DIRECTIONS
Would you give the listing again exactly as written, minus its pictures?

PROVIDED DATA
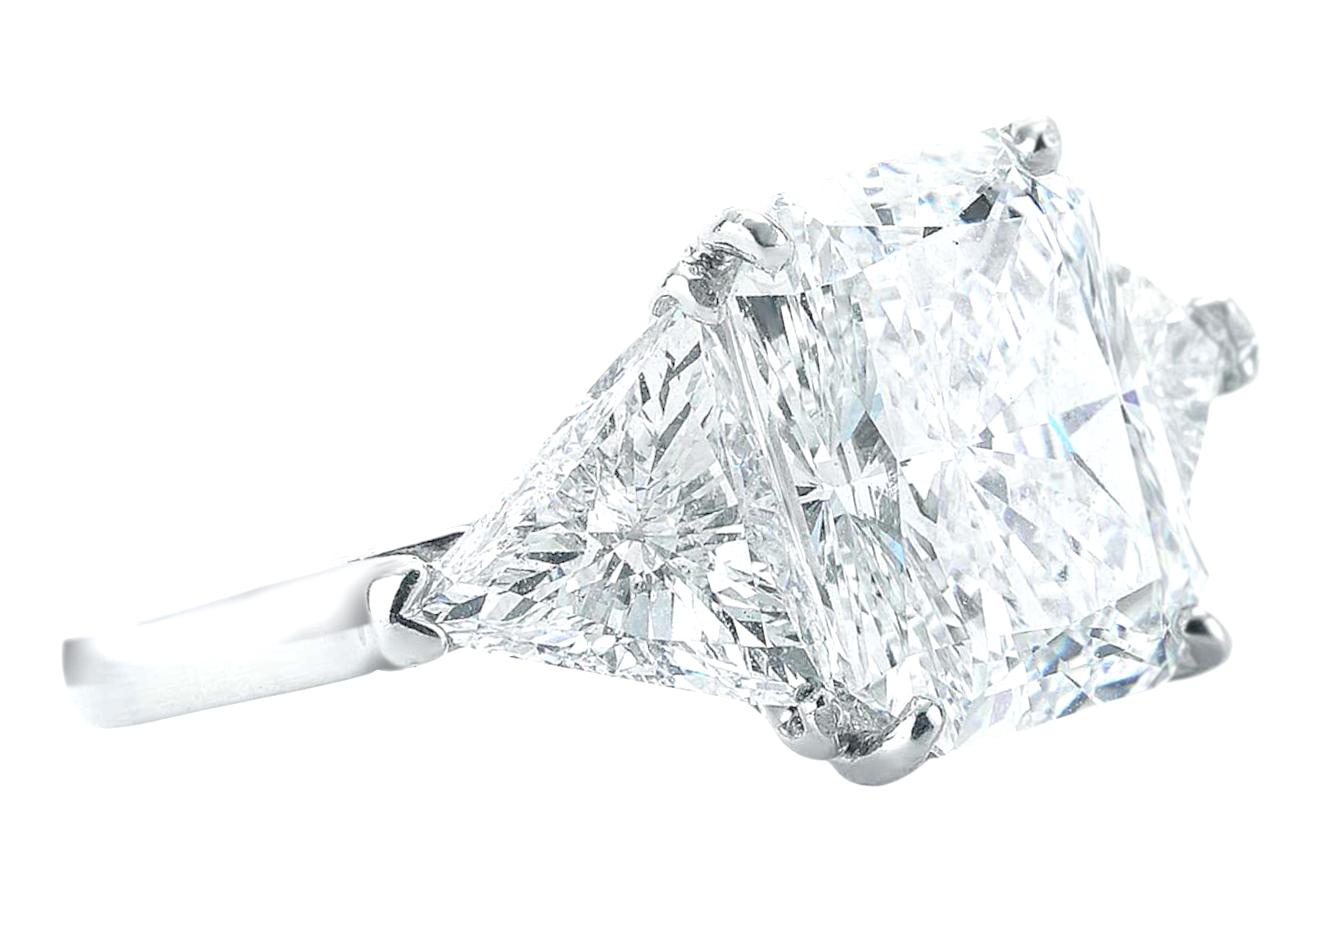 Exquise bague en diamant à trois pierres composée d'un diamant radiant de 4,02 carats certifié par le GIA et de deux diamants latéraux de taille trillion aux excellentes proportions.
Chaque diamant taille trillion pèse environ 1 carat.

Vous
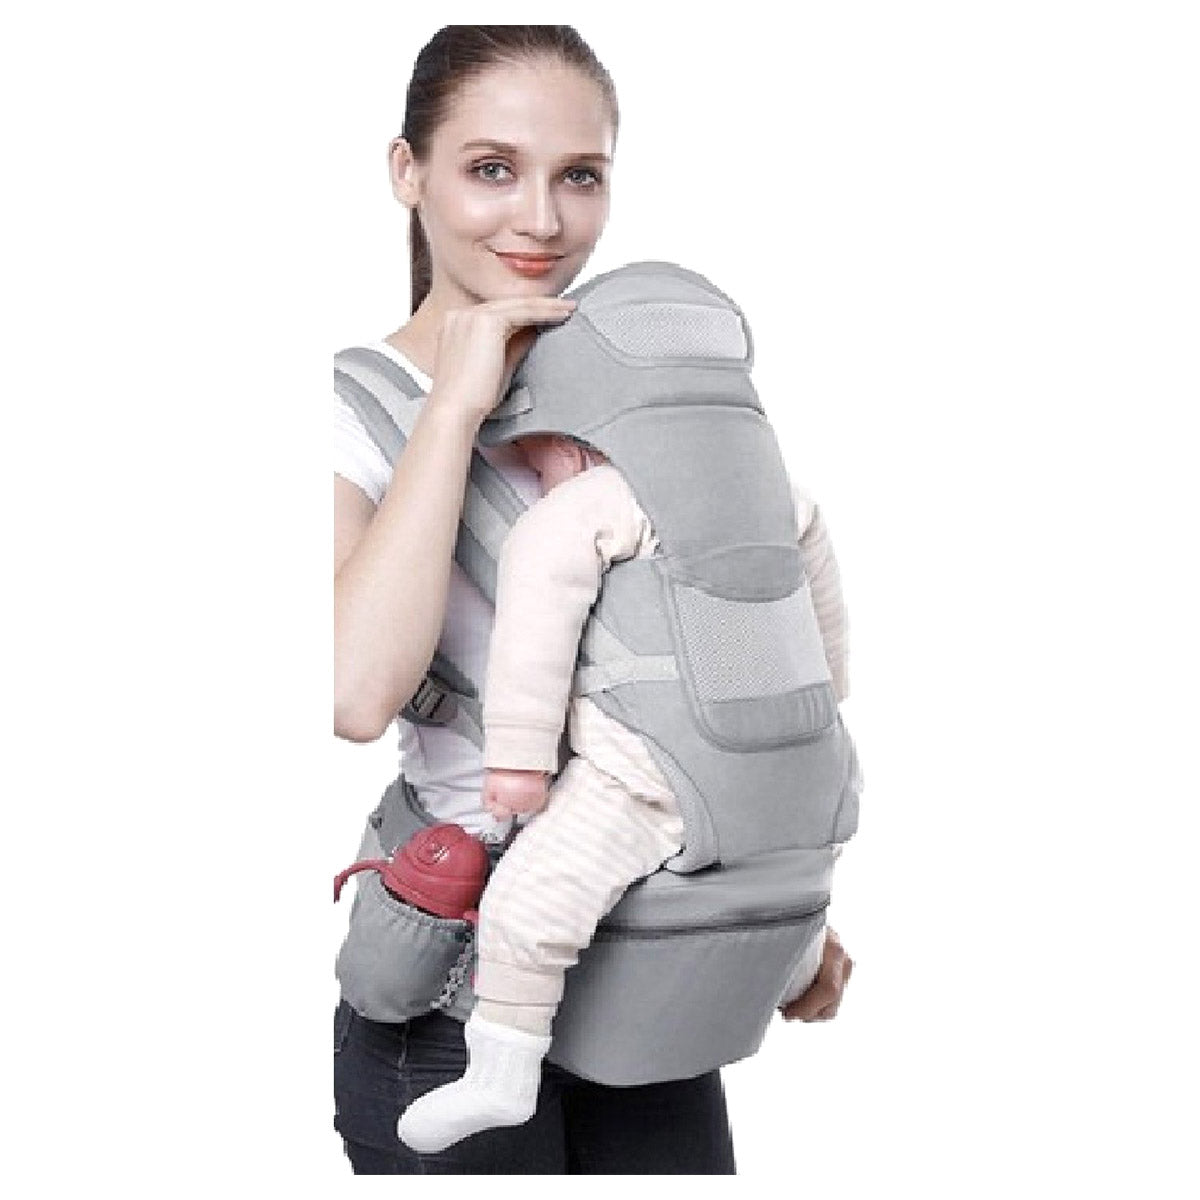 Ariko Porte-bébé ergonomique 15 en 1 - Porte-bébé jusqu'à 25 kg - Porte-bébé - Porte-bébé - Multifonctionnel - Gris

RESULT OF THE EXERCISE
 Exquise bague en diamant à trois pierres composée d'un diamant radiant de 4,02 carats certifié par le GIA et de deux diamants latéraux de taille trillion aux excellentes proportions.
Chaque diamant taille trillion pèse environ 1 carat.

Vous
 Ariko Porte-bébé ergonomique 15 en 1 - Porte-bébé jusqu'à 25 kg - Porte-bébé - Porte-bébé - Multifonctionnel - Gris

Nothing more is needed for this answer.